Tip 2: Use web pages to collect automated knowledge accumulation

By installing Supermemory's Chrome extension in your browser, you can save the current web page content to the knowledge base with one click. This feature is particularly suitable for collecting technical articles. When you see a good tutorial, click the extension icon and save it, which is much more convenient than copying and pasting manually.

Tip 3: Set up timing synchronization

For dynamically changing content, such as updates to GitHub repositories and changes to team Notion documents, it is recommended to set regular synchronization. Supermemory supports configuring cron expressions to control the synchronization frequency, such as synchronizing updates to the GitHub repository every day at 2 a.m.

Tip 4: Use it in conjunction with MCP protocol

If your AI tool supports the MCP (Model Context Protocol) protocol, you can configure Supermemory as an MCP Server. This way, AI can actively query memory content rather than passively waiting for you to provide context.

Tip 5: Use natural language descriptions to add memories

When adding memories, in addition to pasting content directly, you can also use natural language to describe what you want to remember. For example, if you enter "I use Redis for caching in the project, the connection address is localhost:6379, and the password is stored in the environment variable", Supermemory will automatically extract key information and store it in the appropriate fields. This is a lot easier than sorting the format manually.

9. Daily maintenance suggestions

If Supermemory wants to function stably for a long time, daily maintenance must be indispensable.

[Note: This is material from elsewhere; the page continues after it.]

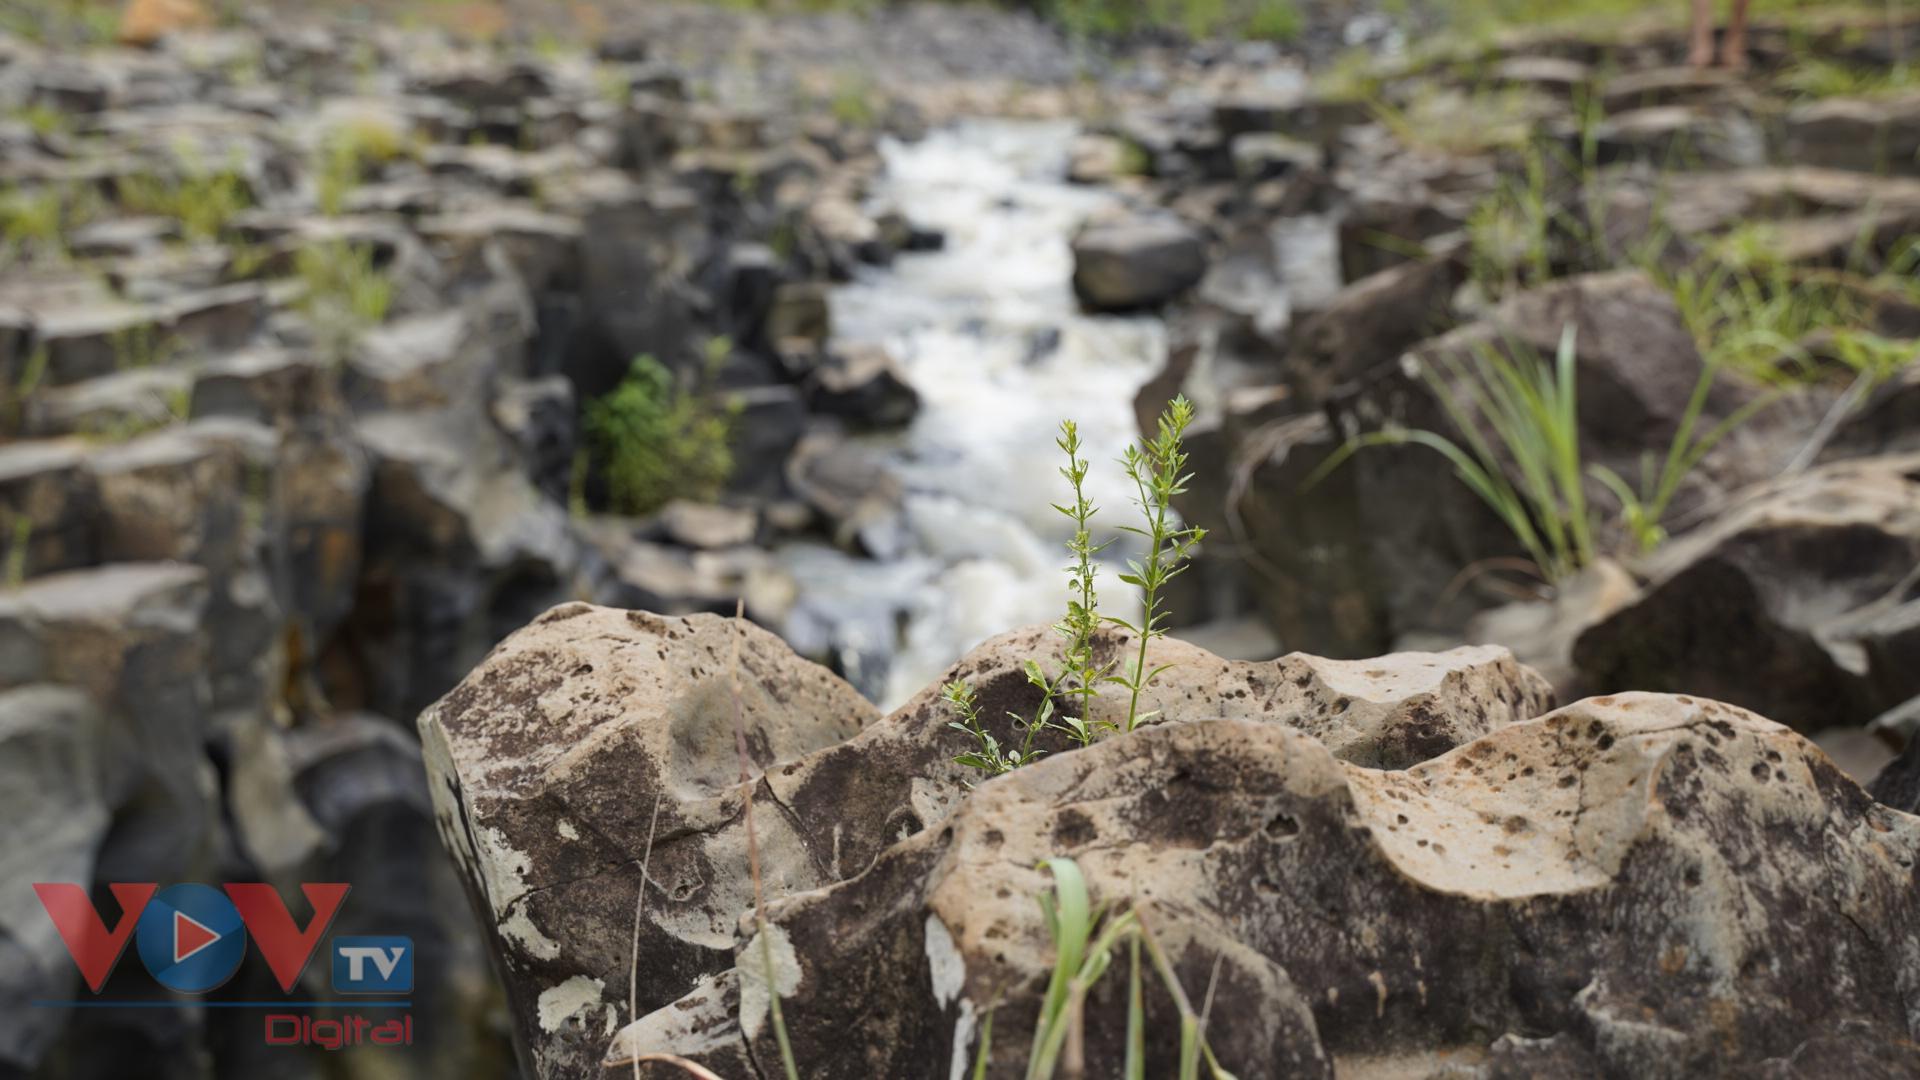 Gia Lai: Mê đắm vẻ đẹp hoang sơ của suối đá núi lửa Ia Ruai - Ảnh 7.

Regular cleaning and filing

It is recommended to take half an hour every month to check the knowledge base. Delete content that is obviously outdated or no longer needed, and file important discussions in the historical record. A clean knowledge base is not only more efficient in retrieval, but also more accurate for AI to understand.

Monitor storage space

The space of Docker volume is not unlimited, especially after storing a lot of web content. Use docker system df regularly to check space usage, and clean up useless images and containers if necessary.

Focus on version updates

Supermemory development is relatively active, and officials will release updates regularly. Updates usually include performance optimizations and new features. You can use git pull to pull the latest code and rebuild the image. But remember to back up your data before updating, just in case.

Establish usage habits

Integrate Supermemory into your daily workflow. For example, spend 5 minutes every day before leaving work to save the day's important discussions and technical decisions, and spend 10 minutes every week reviewing the contents of the knowledge base. After persisting for a while, you will find that the knowledge base has become a real second brain.

X. Summary

Supermemory is essentially an external memory system for AI. The core problem it solves is that "AI must understand the background from scratch every time it has a conversation." By storing project information, technical decisions, and experience in Supermemory, you can let the AI start every conversation on the basis of "it already knows you", saving a lot of time for repeated explanations.

For individual developers, it is recommended to build a knowledge base by project and save the architecture, configuration, and pit breaking records. For team use, it is recommended to build a public knowledge base to accumulate team experience, so that newcomers can get started much faster.

Docker is the easiest to install and deploy and can be run in 5 minutes. Advanced configuration includes switching vector databases, configuring collection sources, setting memory priorities, etc., which can be gradually deepened as needed.

Finally, there are a few points to note: Keep API keys well, don't be greedy for too much knowledge base content, back up data regularly, and check the security configuration of the production environment.

The key to making good use of Supermemory is to develop the habit of storing important information in a timely manner, making it your true "external brain."